=== ASSIGNMENT ===
Omit any picture, and return the remaining data exactly as written.

=== SOURCE DATA ===
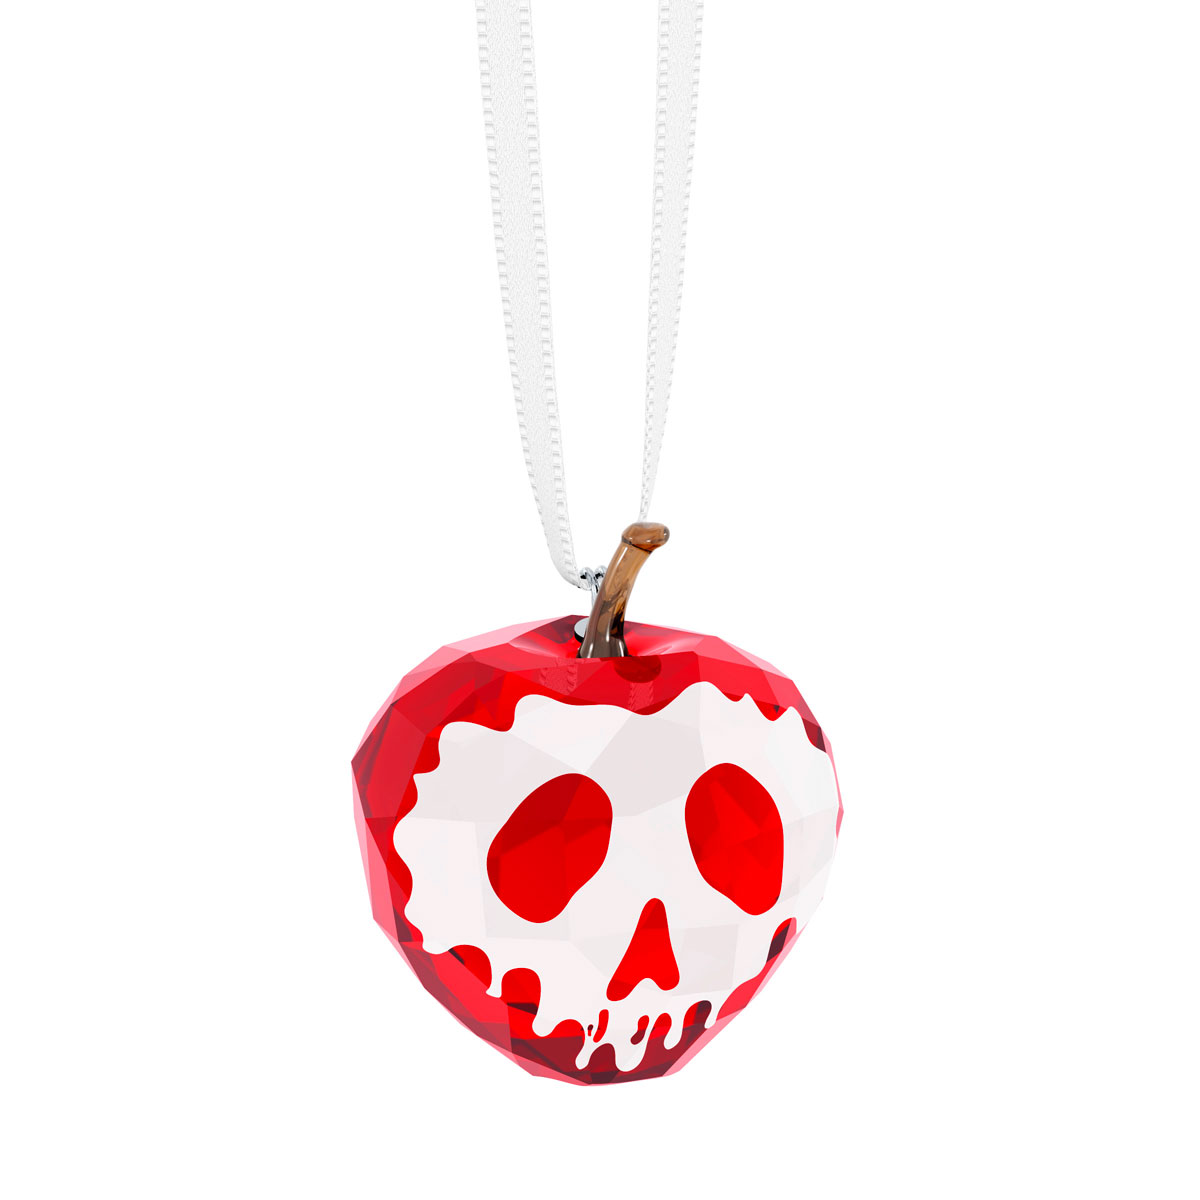 Swarovski Crystal Disney Snow White Collection Poisoned Apple Ornament
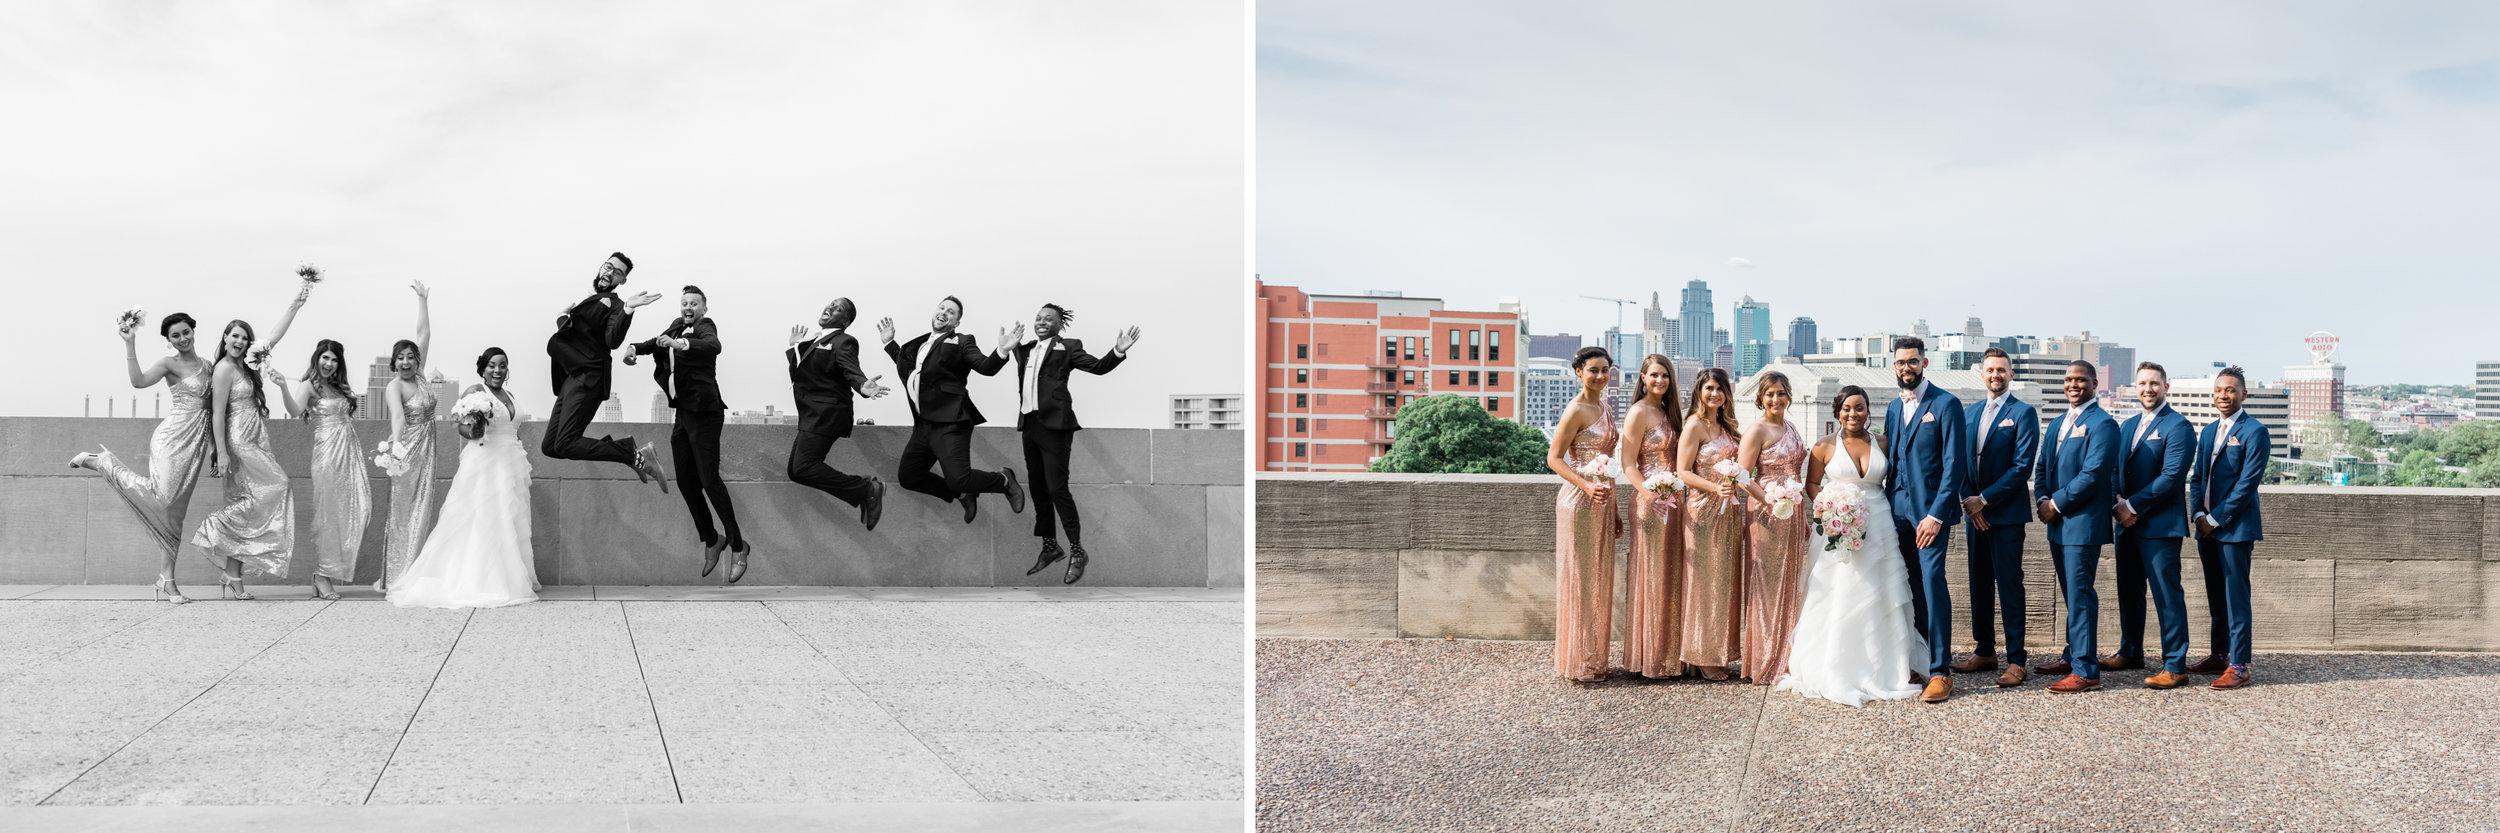 Kansas City Wedding Photographer 57.jpg
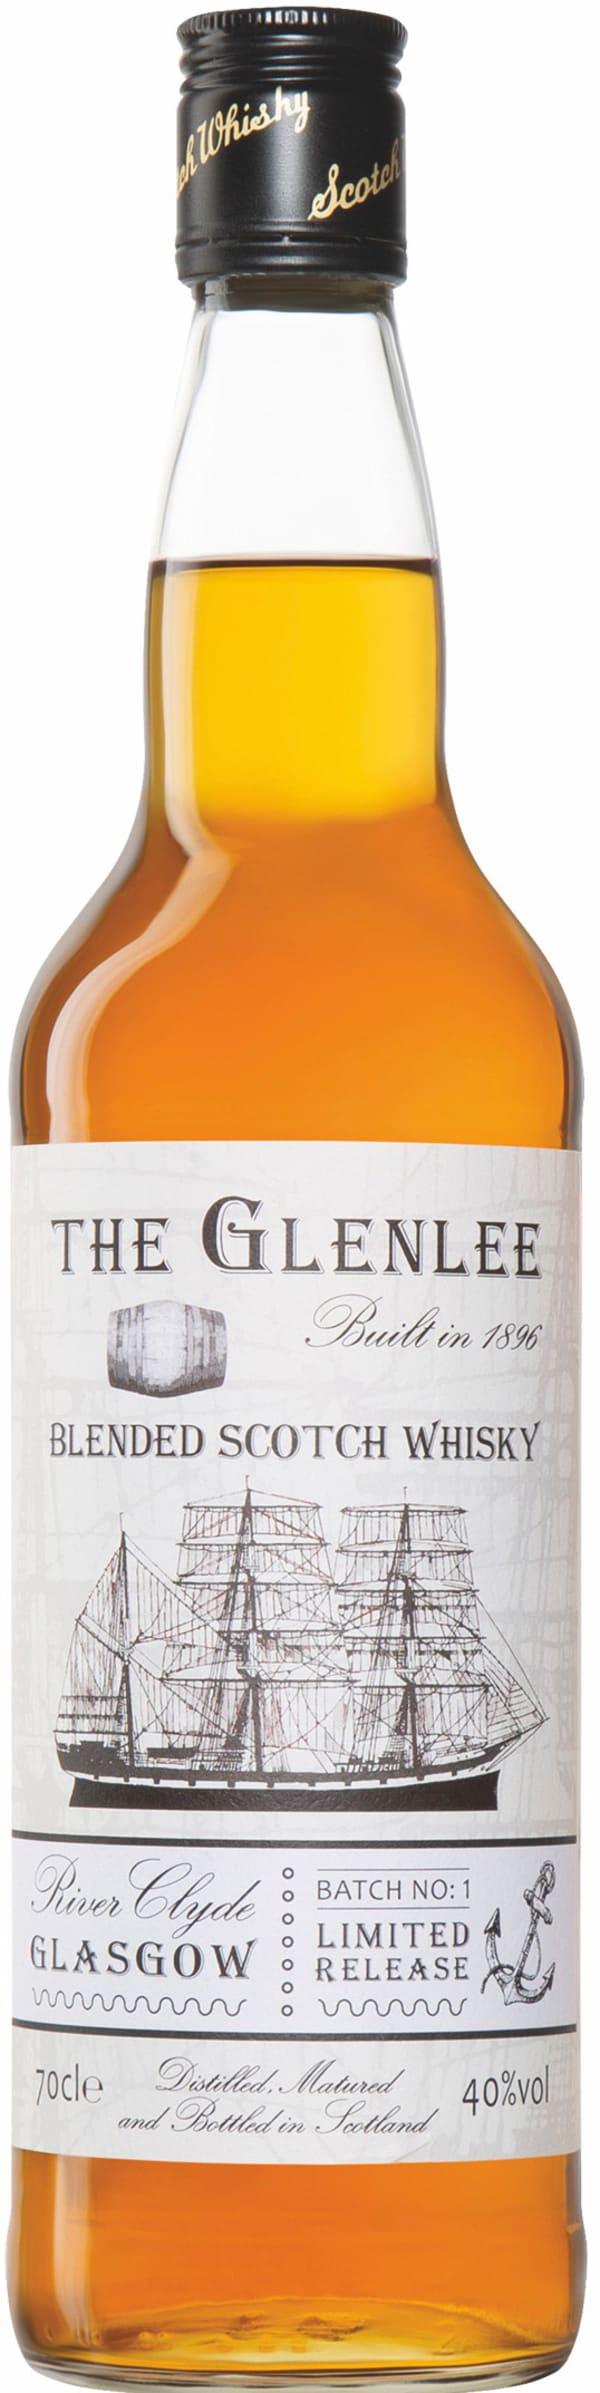 The Glenlee

=== SOLVED EXERCISE ===
 Swarovski Crystal Disney Snow White Collection Poisoned Apple Ornament
 Kansas City Wedding Photographer 57.jpg
 The Glenlee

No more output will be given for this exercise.